Like ‘Madame’ in France
Married women for whom the title is a proud boast will always stand in the way of any universal female title which denies it to them, but we do need one all the same.
A title, useful as one is in our society, needs to be as utterly neutral as ‘Mr’ is, and until that is the case, women are in an inferior position owing to having three flipping titles to choose from.

We have to stop and declare something about ourselves on all kinds of official forms, and even the use of ‘Ms’ is not the simple and neutral choice it was intended to be. Merely choosing to use this non-committal title actually states a position, and it’s the necessity to need to do that which infuriates me so.

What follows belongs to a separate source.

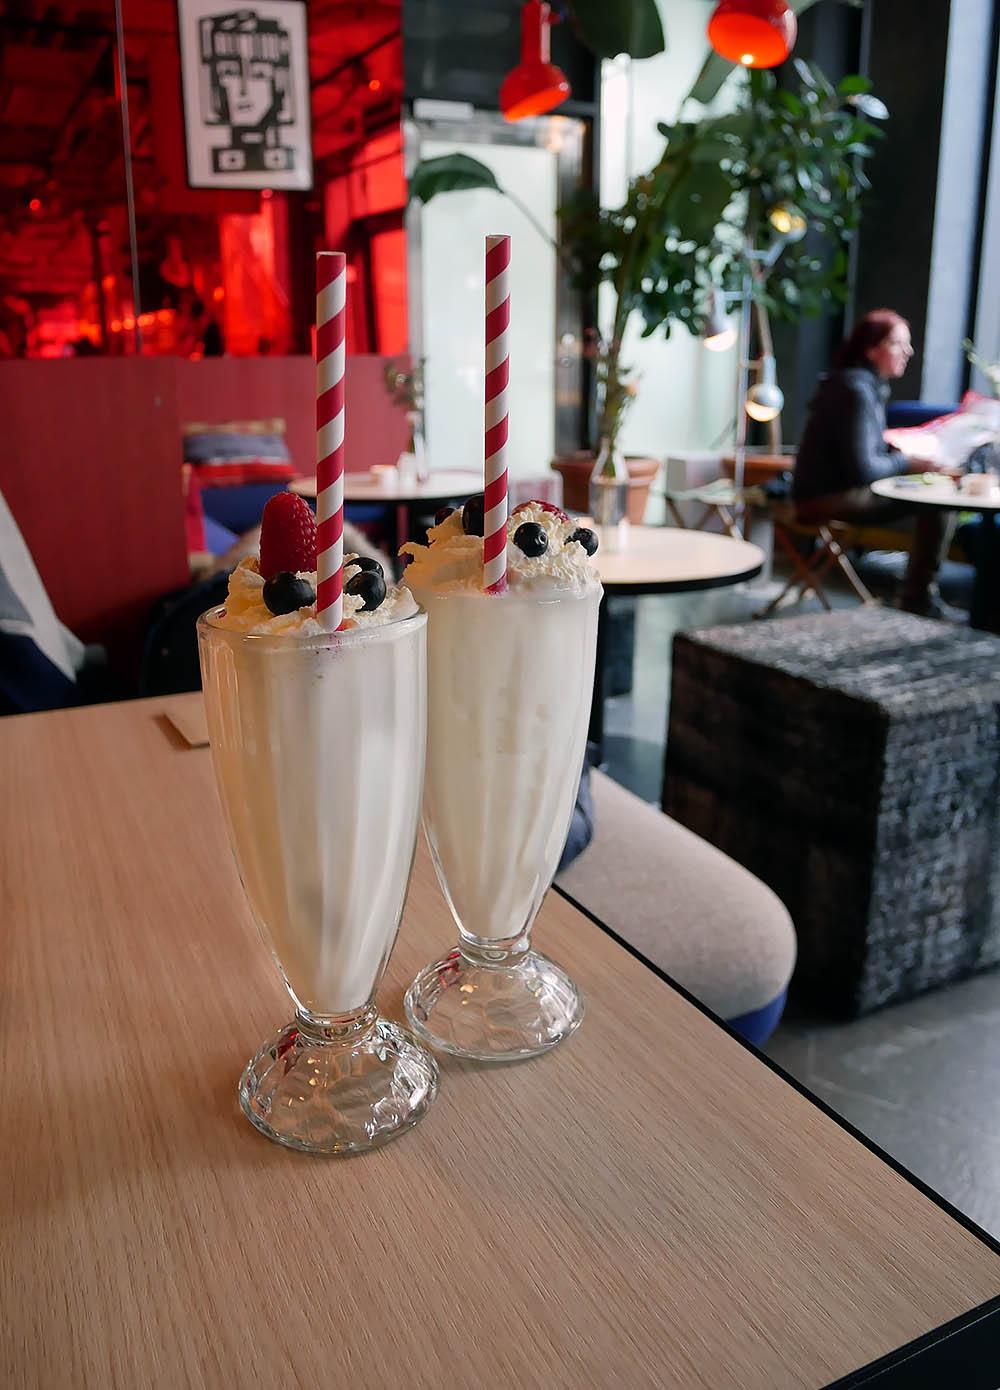 milkshake2.jpg

Until we are all titled by one universal female title, we still have a weight attached to one ankle compared to men in this matter.
It sounds petty, maybe, but it’s all part of a lingering undermining of equality, keeping us in second place in ways other than the much greater equality issues campaigned and fought about.

Oof! Rant over 🙄

Imbrocator · 17/11/2025 13:35

What a bizarre question - what secret advice do you think married women have that women in any other relationship don’t have? The only difference is a contract. If you’re looking for things women should know before getting married, it’s learning what legal responsibilities they’re signing up for before they put their names down in the registry office. Everything else is the same as any romantic relationship.